Now trying again with WASP-65b. Predicted ingress is 23:52 with a depth of 0.0138 magnitudes. After much careful calibration 50 second exposures produce a SNR of~900 on an unfiltered CCD and imaging started at 23:00. My guess is that should give adequate precision (around 1.1mmag all being well) at a useful cadence. OK, it’s not in a standard photometric band but it’s close enough to GAIA-G and will do for a first attempt. I’ll be happy if anything decent looking shows up in the light curve.
Seeing is appalling right now, with stellar images at 8-15 arcsec FWHM. Strong north-easterlies blowing over the Canaries and as they pass over the caldera and cumbre a great deal of turbulence ensues down here at 760m altitude. The lucky guys at El Roque are above all that at 2600m. Perhaps it will improve later during the night but knowing my luck, it won’t.9 March 2019 at 3:22 pm #580829Robin LeadbeaterParticipant
Since you have plenty of photons such that stochastic precision is not a problem it could be worth considering a choice of filter to minimise the systematic errors which are likely to dominate at the mmag level. Bruce Gary’s on line book has some suggestions
Robin9 March 2019 at 5:10 pm #580830
Thanks. Initial measurements suggest that the actual precision is around 3.5mmag. Seeing was so bad that the aperture is 12 pixels in radius, and at 1.4arcsec/pixel that corresponds to a disk half a minute across! FWHM is markedly smaller, of course, but still far too big. Perhaps observing in Sloan-r might be an improvement.
It’s even windier today and I’ve serious doubts whether it’s worth even opening the dome.
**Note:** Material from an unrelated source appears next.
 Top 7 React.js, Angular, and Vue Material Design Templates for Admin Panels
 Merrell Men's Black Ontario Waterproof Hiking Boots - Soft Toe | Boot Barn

Incidentally, the gusts last night were strong enough to make the scope flap around beyond the ability of the autoguider to track correctly when observing at low altitude late in the session. I lost around 5% of the data to that cause.10 March 2019 at 6:10 pm #580840
This is the raw light curve. Purple shows the measure fluxes and their error bars. Green lines connect the points. A period of missing data and the existence of two (high measured flux) outliers is readily apparent.
The only processing performed is raw photometry with APT and a Perl script to normalize the photon flux to a comparison star. Absolutely no smoothing, outlier-removal or any other kind of data munging has been performed. The x-axis is HJD-2458551. The predicted ingress was for 2019-03-08T23:52 and egress at 2019-03-09T02:36. In JD these are 2458551 + (0.4944, 0.6108) respectively.
To me it appears that the ingress was picked up nicely. At about mid-eclipse I found that the dome wasn’t tracking properly so the data there is either noisy or missing. Towards the end of the eclipse the target had sank to an altitude of <35 degrees and further adjustment of the dome was neede (the slit exposes either the top 60 degrees or the bottom 60 degrees). In addition, the high winds made the scope flap around so much that the autoguider couldn’t cope and several more images were lost. The eye of faith suggests egress was detected but that may just be wishful thinking.
Detailed analysis will take place in due course.